Pour leurrer ma détresse

 

 

Pour leurrer ma détresse et pour bercer mon doute,

Ô Dieu, dans votre église, il ne me suffit pas

D’une brume d’encens au ciel noir de la voûte,

De l’écho solennel intimidant les pas,

De l’orgue, que le cœur, avec l’oreille, écoute.

 

Et le déroulement de vos processions

Où la ferveur, parmi l’or des cierges, s’enflamme,

Les psaumes qu’ont chantés les générations,

Ne peuvent rafraîchir ni détendre mon âme

Et la nourrir d’un miel sacré d’émotions.

 

Plus d’un, comme on fait luire au soleil une gemme,

Goûte en eux son passé pieux ressuscité

Par les cloches d’argent ; et c’est presque un blasphème

De dire : « Que m’importe à présent leur beauté ? »

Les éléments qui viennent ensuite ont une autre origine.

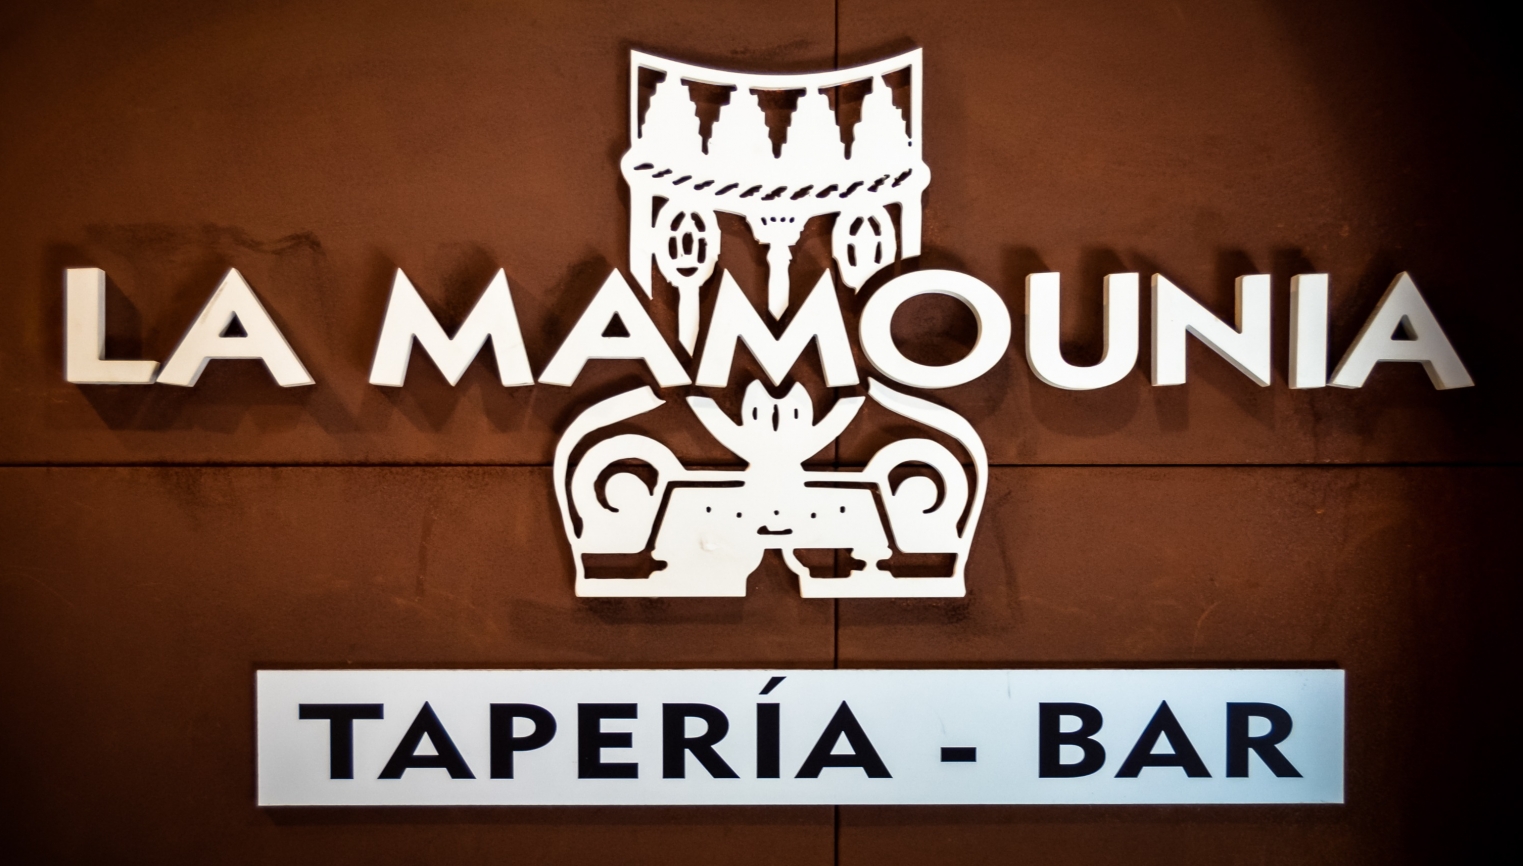 La Mamounia Taparía Bar - foto 1/7
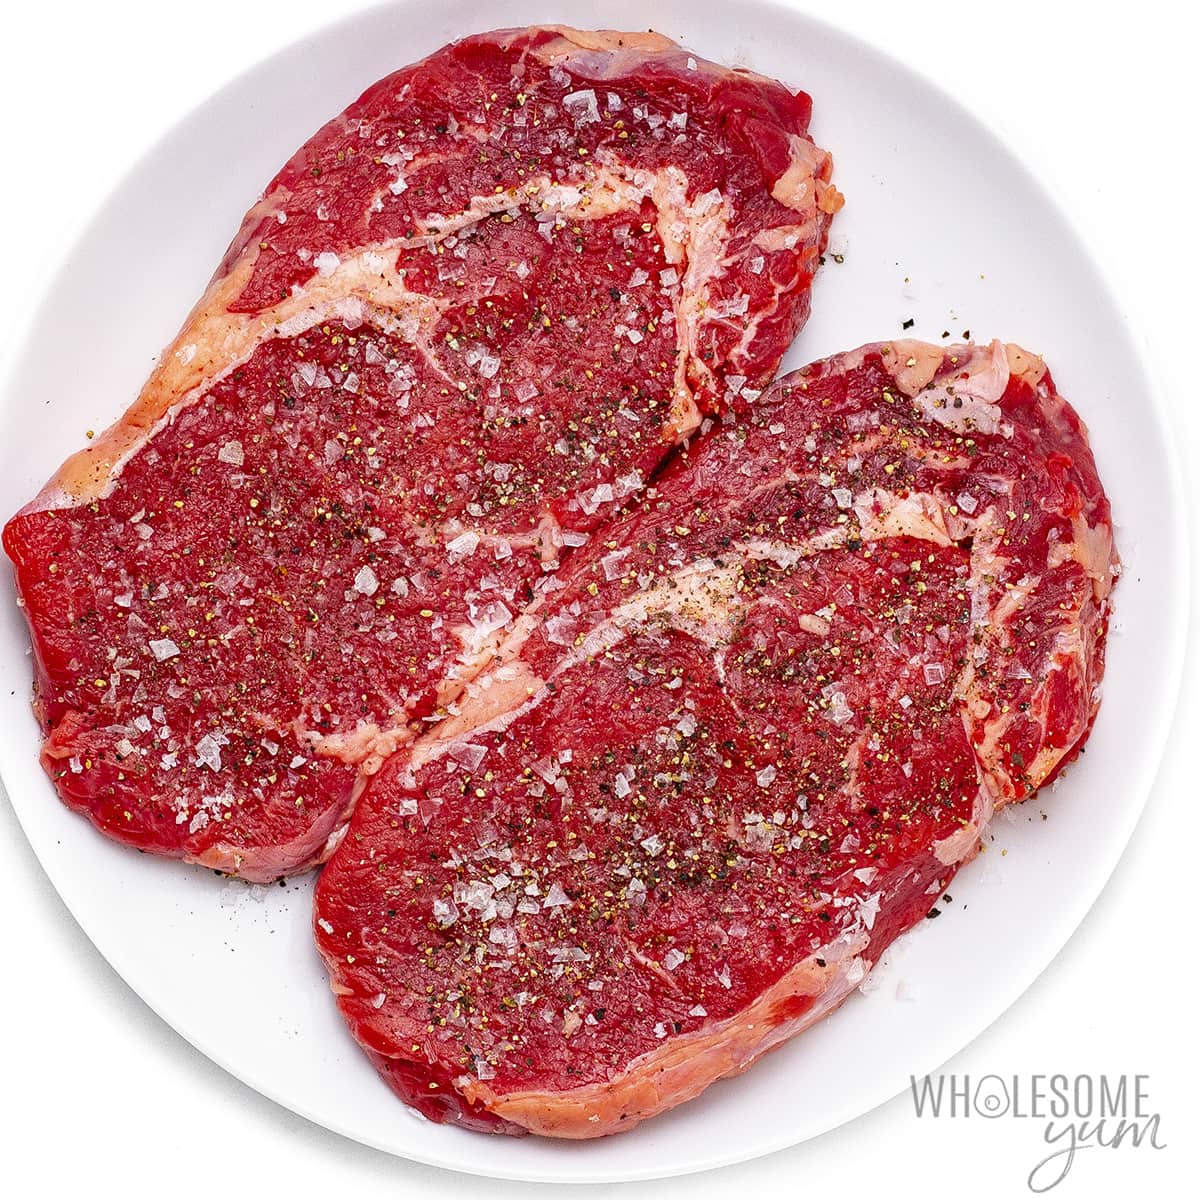 Seasoned steak on a plate.

Pourtant, de quoi sert-elle, ô Seigneur, sans vous-même ?...

 

Pour moi, tout est combat, tout est déchirement :

Vous seul me tendriez la cuirasse et le glaive,

Vous m’envelopperiez d’un ample vêtement.

Comme un sol desséché qui s’entrouvre, je rêve,

En mon aridité, d’un long jaillissement.

 

Mes ceps n’ont point porté de grappes, et la Vie

N’a pas comblé ma coupe avec son vin trop doux.

Pareille aux plus croyants, – combien je les envie !

Les mains sur mes yeux clos, je ne voudrais que Vous

En un farouche élan qui jamais ne dévie.

 

Mais aucun dogme, hélas ! n’a conquis ma raison,

Et comme, tout à coup, plus tremblant et plus sombre,

Un blessé qui n’a plus d’espoir de guérison

A peur des seuils heureux et s’enfonce dans l’ombre,

Seigneur ! craignant mon mal, je fuis votre maison...

 

 

 

Marie-Louise VIGNON,

La Douleur solitaire : La Mort qui passe.